▶ WHAT TO DO:
Return the listing exactly, please; no pictures.

▶ SUPPLIED MATERIAL:
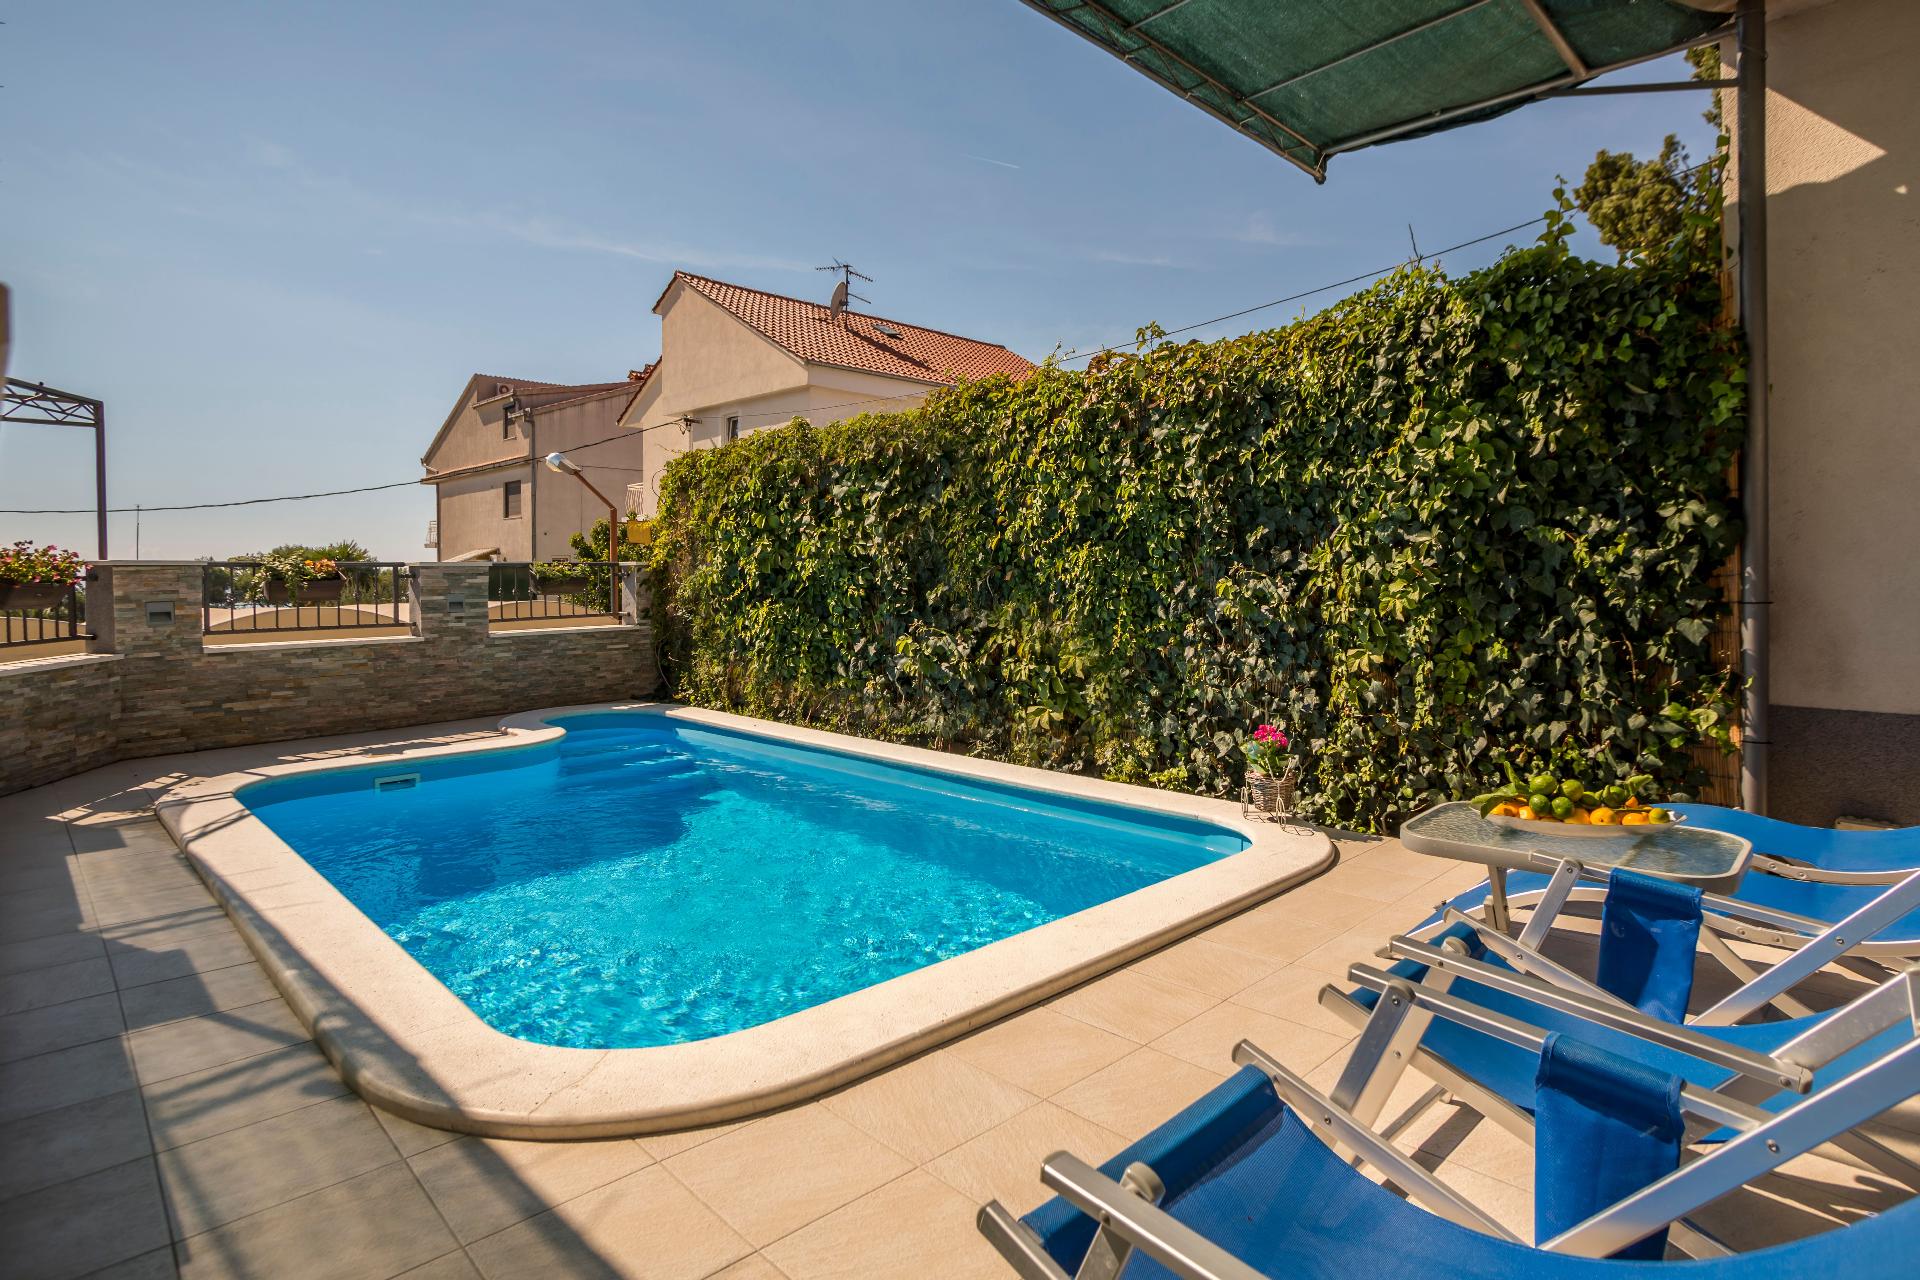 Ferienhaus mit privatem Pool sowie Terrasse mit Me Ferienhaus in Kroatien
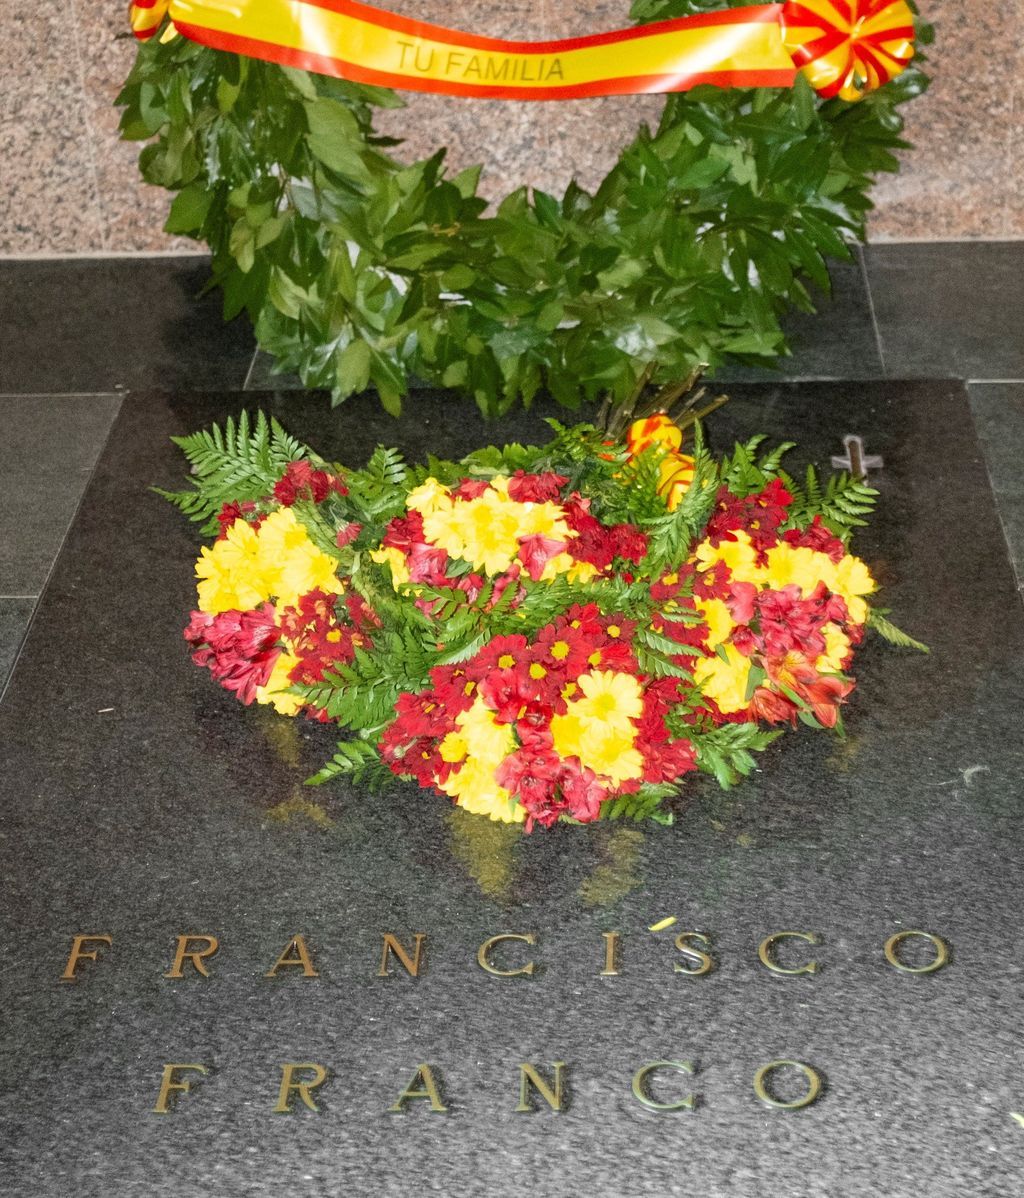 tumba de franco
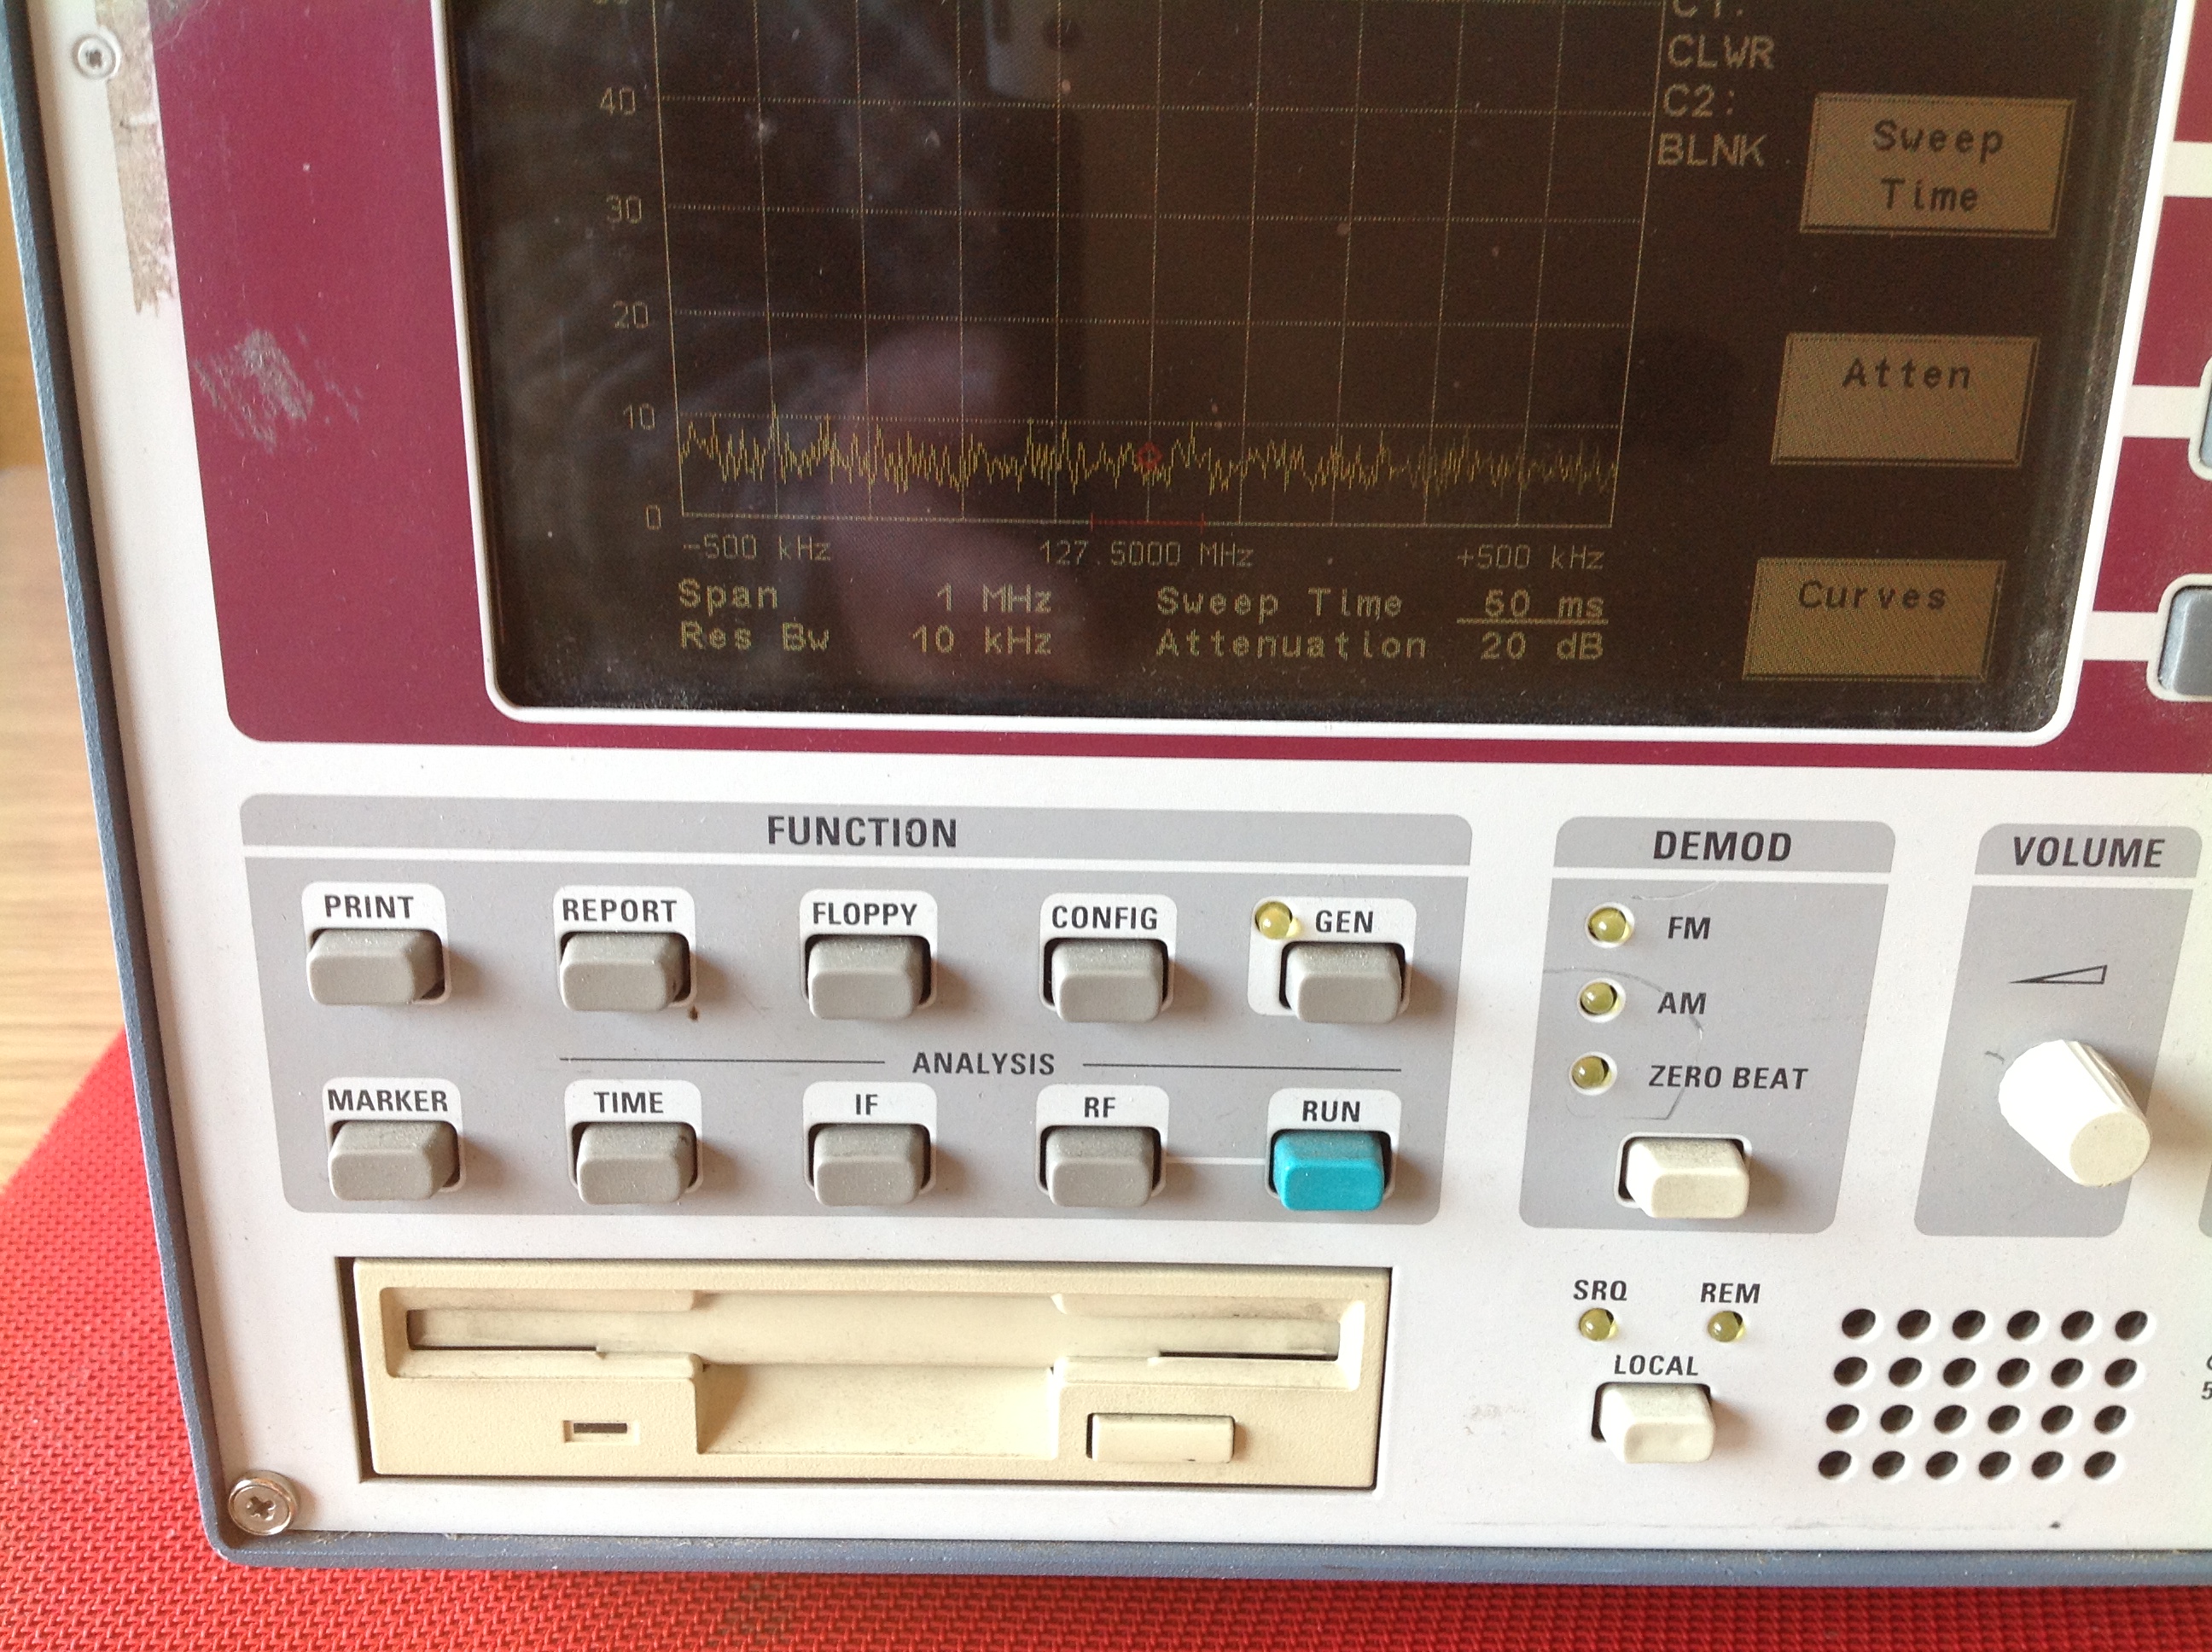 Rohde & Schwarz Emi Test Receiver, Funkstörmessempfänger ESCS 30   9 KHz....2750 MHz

▶ ANSWER TO THIS TASK:
 Ferienhaus mit privatem Pool sowie Terrasse mit Me Ferienhaus in Kroatien
 tumba de franco
 Rohde & Schwarz Emi Test Receiver, Funkstörmessempfänger ESCS 30   9 KHz....2750 MHz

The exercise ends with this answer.